You should book your first antenatal visit as soon as you know you’re pregnant (ideally between 10 to 12 weeks) and make sure you attend all your appointments. 2 Traditional antenatal care for a normal, uncomplicated pregnancy usually includes between 7 and 11 visits. 2

The first visit is a longer appointment as your doctor will need to take a full medical history and do a full physical examination. 2 At each visit, your blood pressure and weight will be recorded, a urine test will be done, and your baby’s heart rate will be evaluated. 2

The typical frequency of antenatal visits in a normal pregnancy are: 2

  • Every 4 weeks for the first 28 weeks
  • Every 2 to 3 weeks between 28 and 36 weeks
  • Weekly after 36 weeks
person holding up a image of ultrasound print out

Screening tests

As part of your antenatal care, you’ll be offered several routine screening tests.

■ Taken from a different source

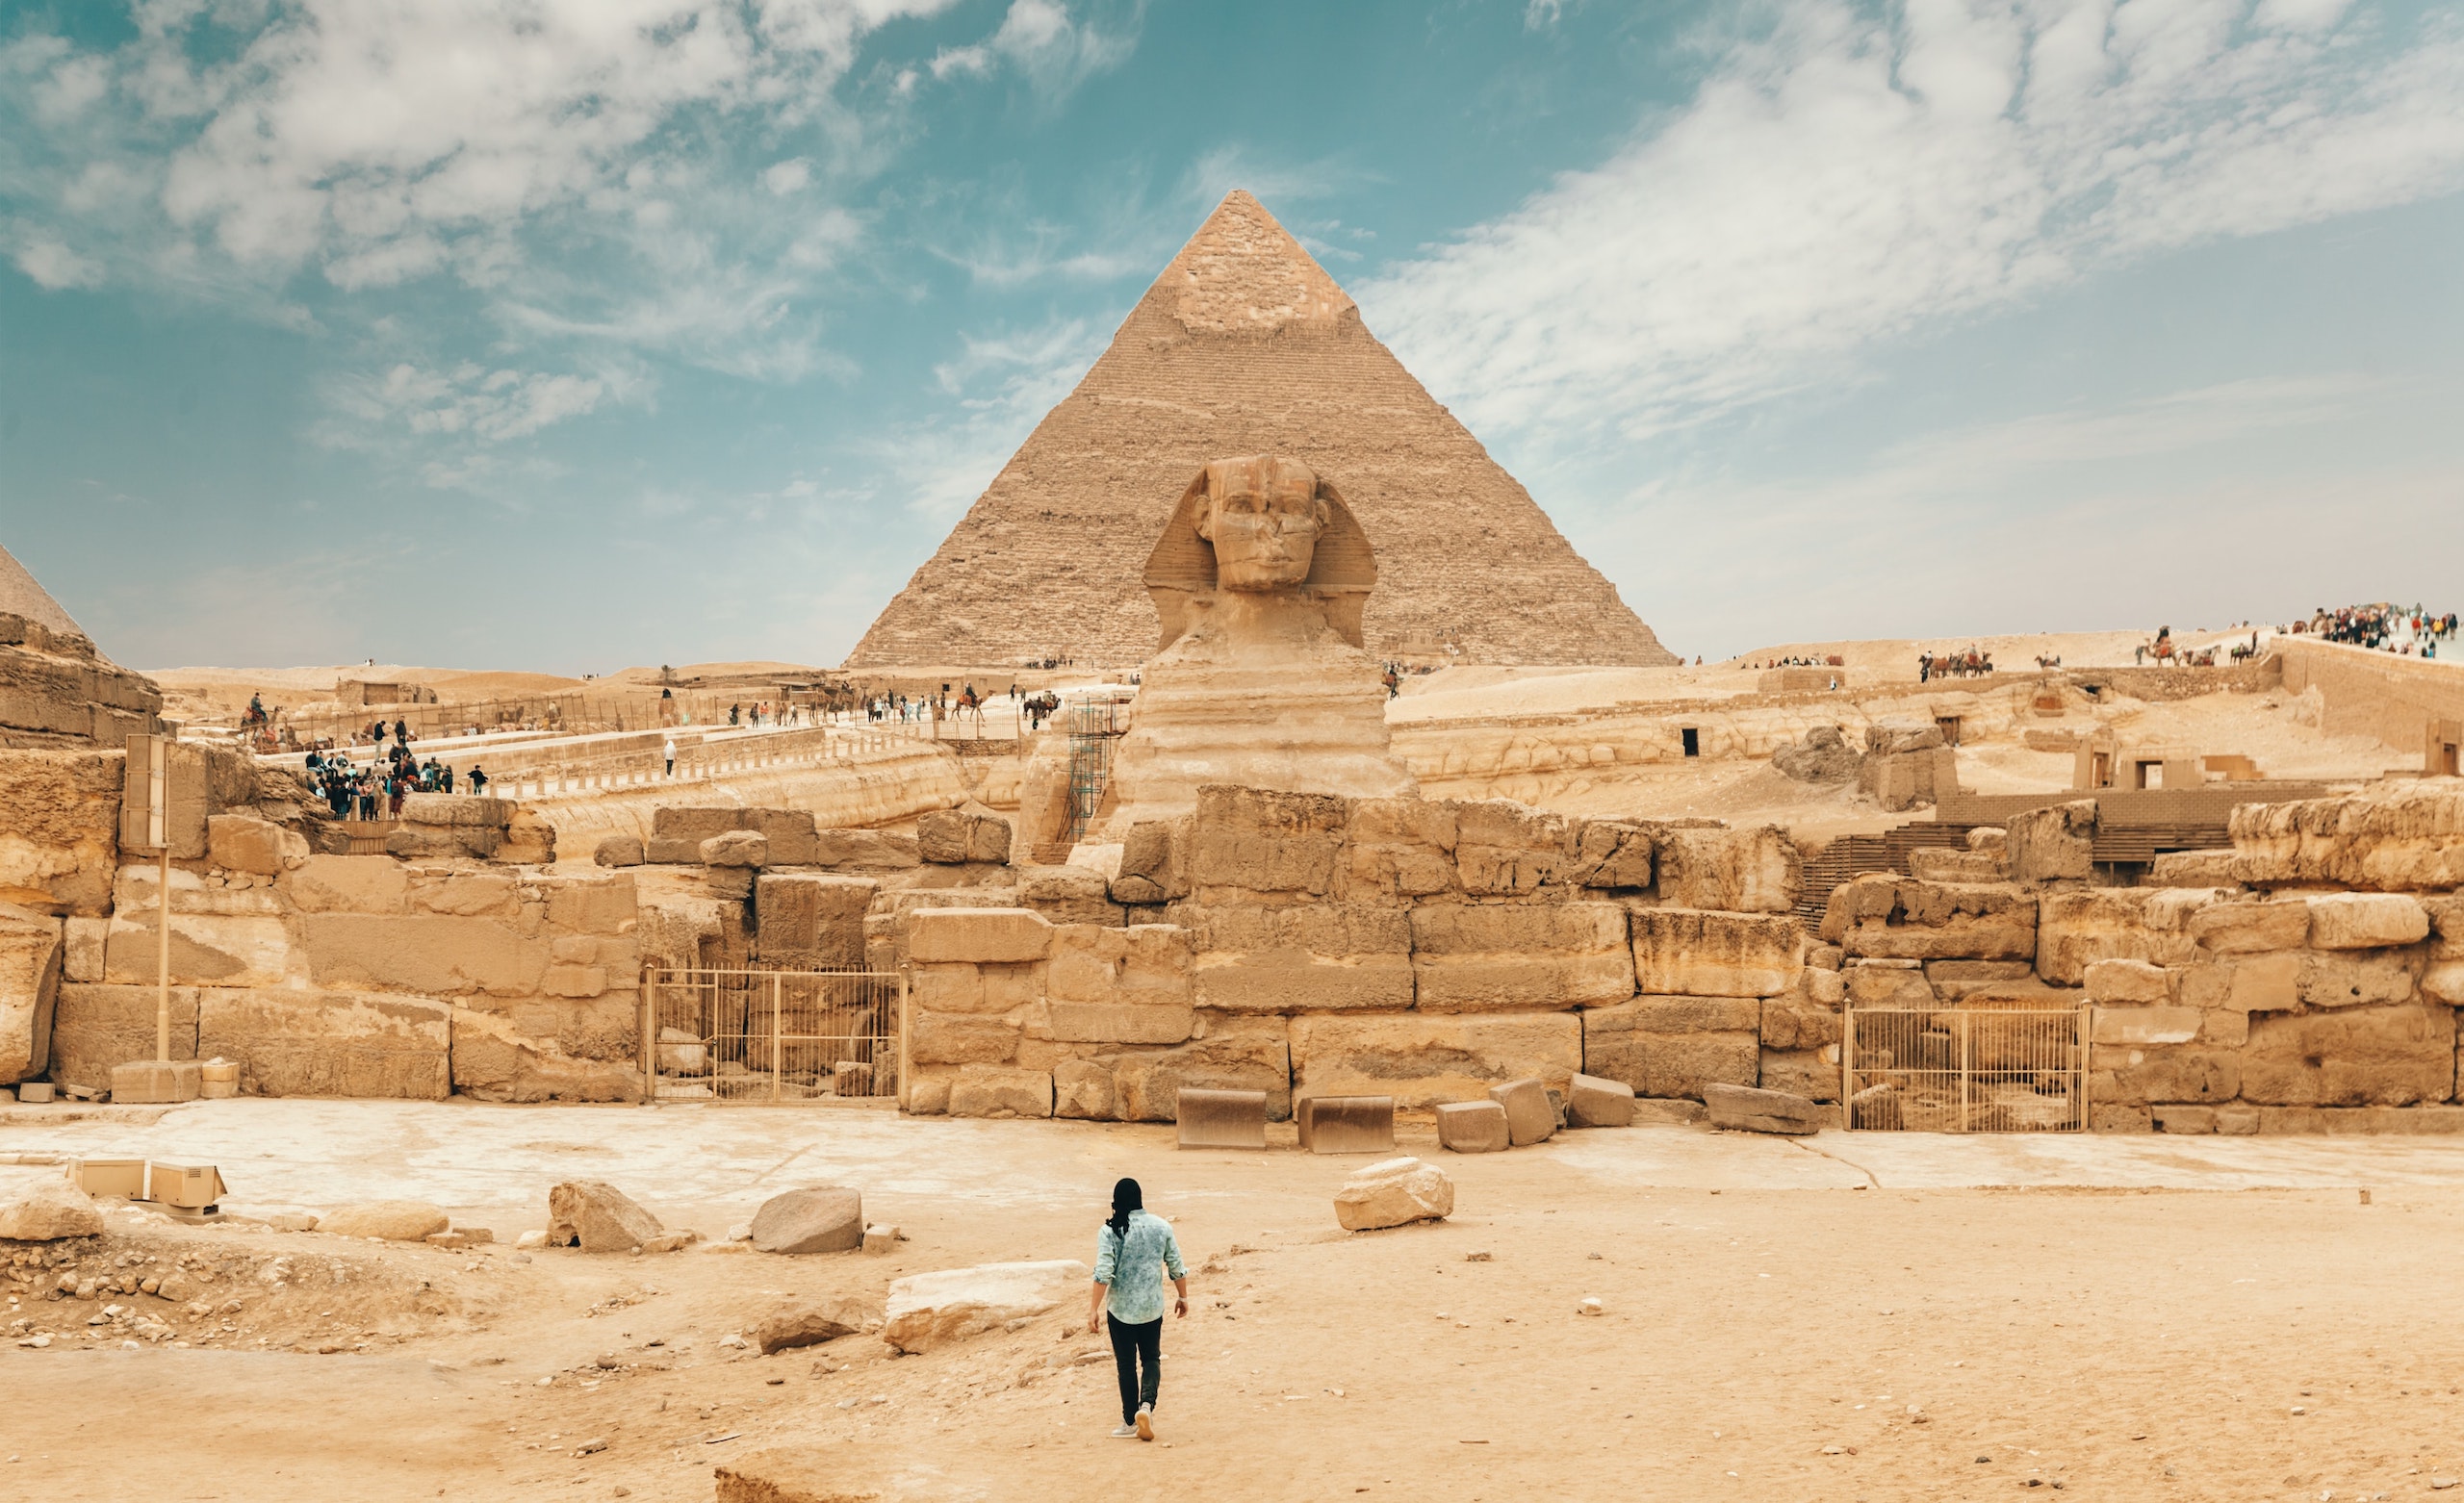   The Pyramids & The Nile River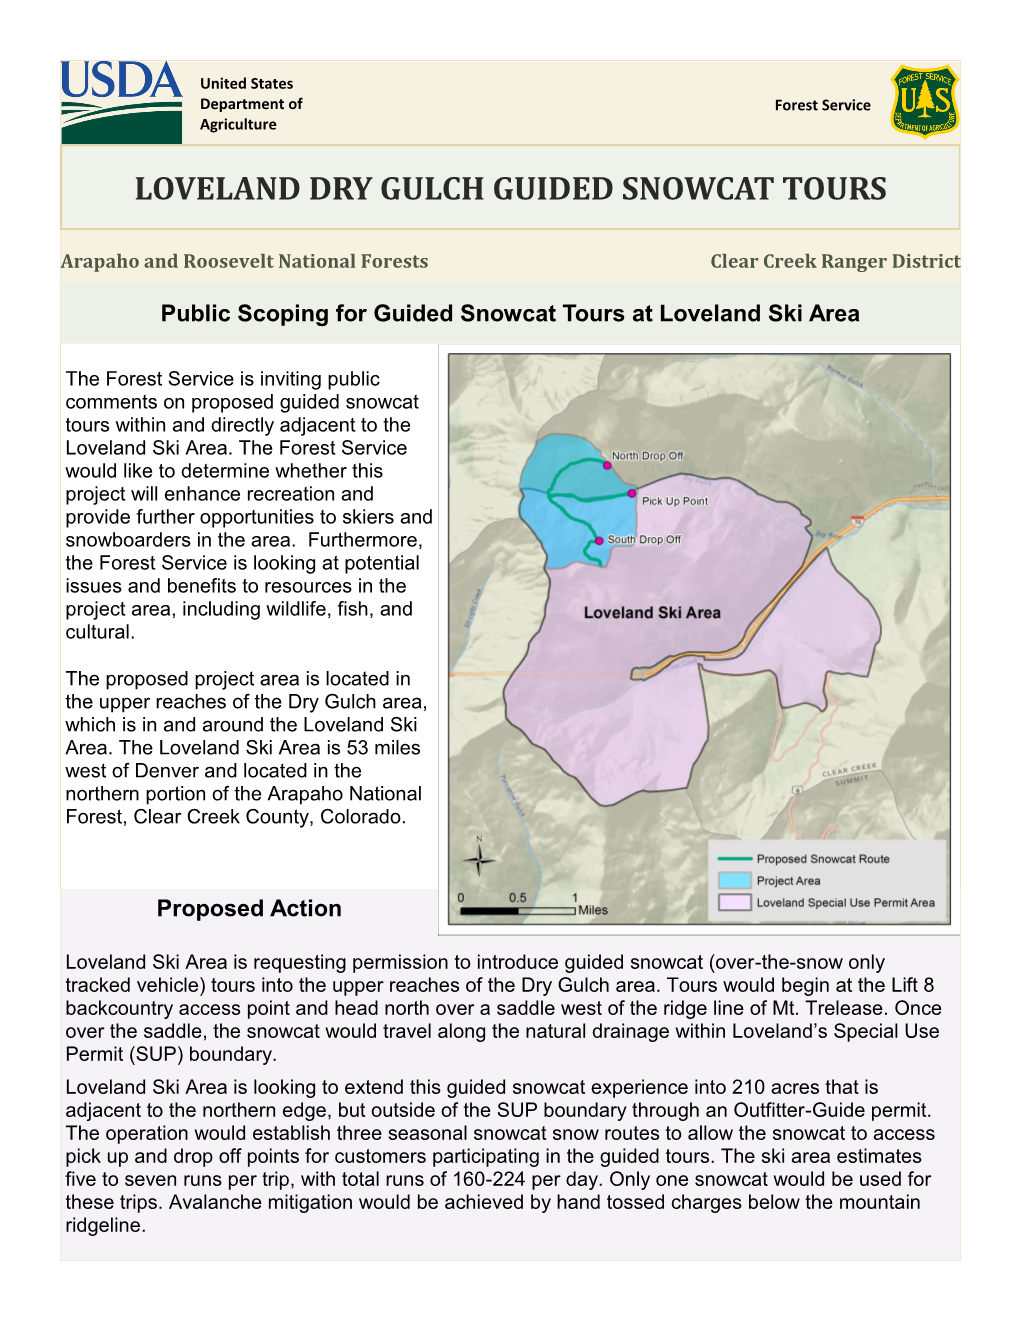 Loveland Dry Gulch Guided Snowcat Tours

Some are offered to all women, while others are only offered if you might be at risk of an infection or condition. 2

The routine tests usually include: 2

  • Blood tests
    • Full blood count (FBC)
    • Blood type
    • Rhesus status
    • Rubella screen
    • Sexually transmitted infections testing which usually includes
      • Hepatitis B
      • Human immunodeficiency virus (HIV)
      • Syphilis
      • Gonorrhoea
      • Chlamydia
  • Urine testing to check for glucose or protein in the urine and to screen for a urinary tract infection. 2
  • Ultrasound scans: Ultrasound scans use sound waves to build a picture of the baby in the womb. 5 The scans are painless, have no known side effects on mothers or babies, and can be carried out at any stage of pregnancy. 5 Ultrasound scans are often the highlight of pregnancy, as it’s very exciting to “see” your baby in the womb, often moving their hands and legs. 5 You should have least 2 ultrasound scans during your pregnancy: 5
      • at 8 to 14 weeks
      • and between 18 and 21 weeks

    The first scan is sometimes called the dating scan. The healthcare professional performing the scan estimates when your baby is due (the estimated date of delivery) based on the baby’s measurements. 5 The second scan usually takes place between 18 and 21 weeks of pregnancy and checks for structural abnormalities (anomalies) in the baby. 5 Some women may be offered more than two scans, depending on their health and their pregnancy. 5

pregnant woman eating greens and salad

Nutritional care

It’s important to eat healthily during pregnancy, but there’s no need for you to go on a special diet. 6

  • You will probably find that you are hungrier than usual, but you don’t need to “eat for two” – even if you are expecting twins or triplets. 6
  • Eat plenty of fruit and vegetables because these provide vitamins and minerals, as well as fibre, which helps digestion and can help prevent constipation, which is a common problem in pregnancy. 6
  • Carbohydrates (starchy foods) should make up just over a third of the food you eat. Try to choose wholegrain or higher fibre options such as whole wheat bread and brown rice, instead of refined “white” starches such as white bread. 6
  • Eat some protein foods every day. Sources include beans, pulses, fish, eggs, poultry, nuts and meat. Choose lean meat and try not to add extra fat or oil when cooking. 6
  • Try to eat dairy foods such as milk, cheese and yoghurt regularly, because they contain calcium and other nutrients that you and your baby need. Choose low-fat varieties, wherever possible. 6

It’s best to get vitamins and minerals from the foods you eat, but when you’re pregnant you should take the pregnancy supplements recommended by your doctor to ensure that you and your baby are getting all the nutrients you need.1 [See Vitamin supplementation in pre-pregnancy section]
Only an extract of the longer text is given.